EddieC 0 Posting Whiz in Training

ORLANDO, Florida—Thousands of software developers and testers converged here this week for the Software Testing Analysis and Review conference, better known as STAREAST. It’s one of just a few must-attend learning events for people in our field, and if you haven’t been to one of these events, you’re truly missing out.

Dozens of the testing industry’s top thinkers were here. Names like Jon Bach, Michael Bolton, Hans Buwalda, Paul Gerrard, Jonathan Kohl, Rob Sabourin, James Whittaker and many other “silver-tongued speaking pros,” as chair Lee Copeland put it, delivered full- and half-day pre-conference tutorials on Monday and Tuesday.

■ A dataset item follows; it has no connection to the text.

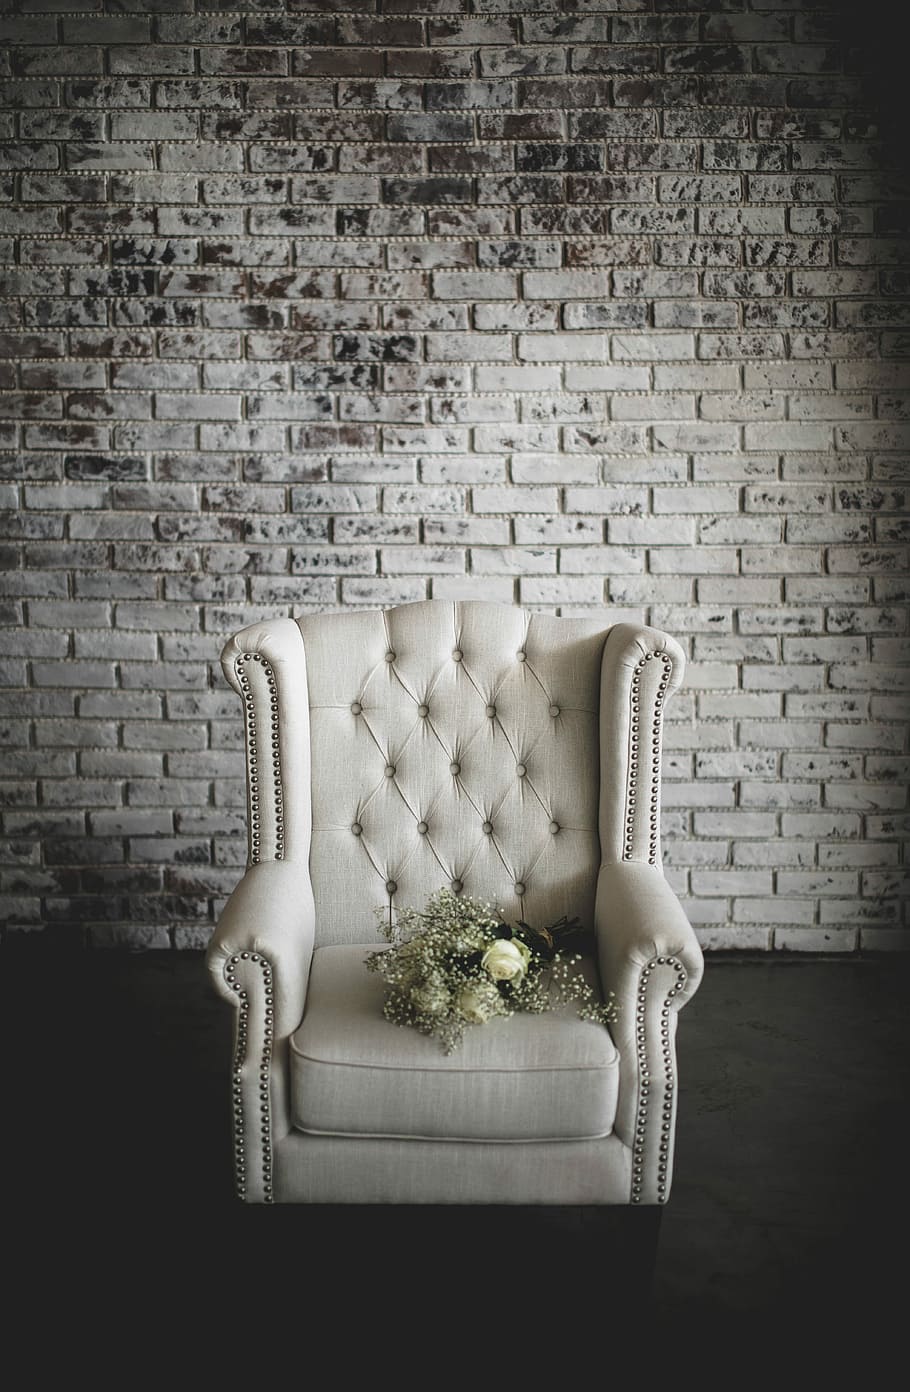 white flowers on top of white armchair, red rose flower bouquet on tufted white fabric armchair in front of gray concrete brick wall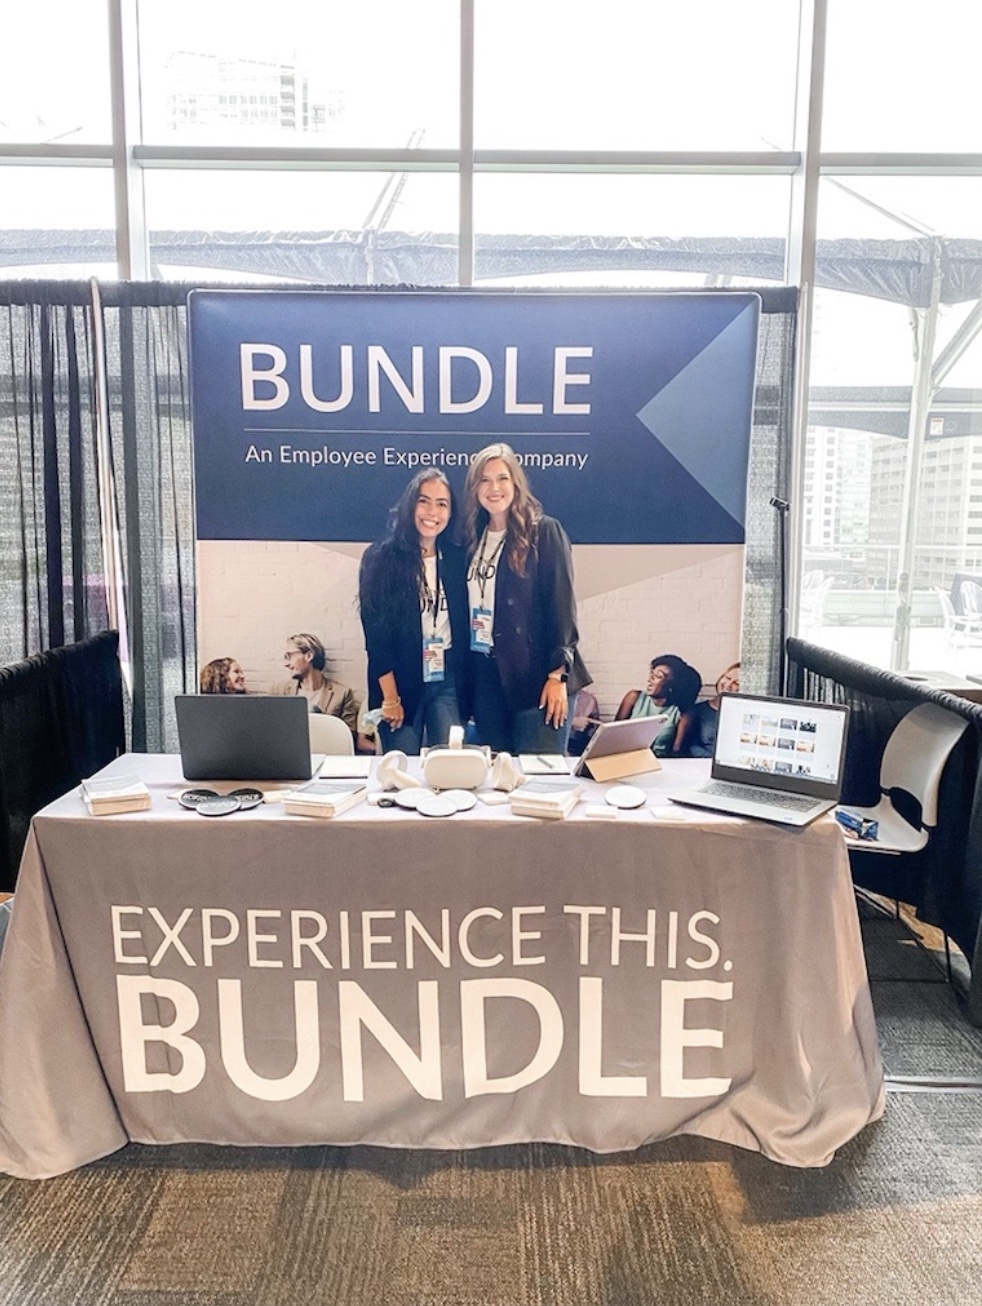 Bundle at a HR conference in San Fransisco, California.

The rest of the week was filled with concurrent sessions of about an hour each (taught by many of the same folks) as well as by numerous testing practitioners like you. These are people who submitted papers describing their experiences solving their testing problems and challenges. “I like hearing people’s war stories,” Copeland told me at “Meet the Speakers” on Thursday, at which speakers make themselves available for casual conversation over a buffet lunch.

The further availability of speakers at book signings, open spaces and Lightning Talks, is part of what made STAREAST valuable and memorable. Another fun and unusual networking event was Casino Night. Following a catered expo reception, attendees were invited to play at Vegas-style gaming tables staffed by professional dealers and croupiers. Winnings are cashed in for chances to win from an impressive array of entertainment electronics (a la Sony Wii, iPod Touch, etc.) and gift and gas cards.

I had time for just one keynote, and it was delivered by Microsoft’s James Whittaker. “Testing Dialogues—In the Executive Suite” opened with a hilarious look at error dialogue boxes and the extremes of information they display. He ended with advise on how to fix our broken testing system of “last-minute heroics.”

Your next chance to attend a STAR conference is in October, when STARWESTtakes place in Anaheim, Calif. An smaller event of similar quality and prestige is the Software Test & Performance Conference, or STPCon in Boston in September. Produced by BZ Media (my employer by day), I’m the chair of that conference and not ashamed to admit that I’ll be engaging in some sincere flattery.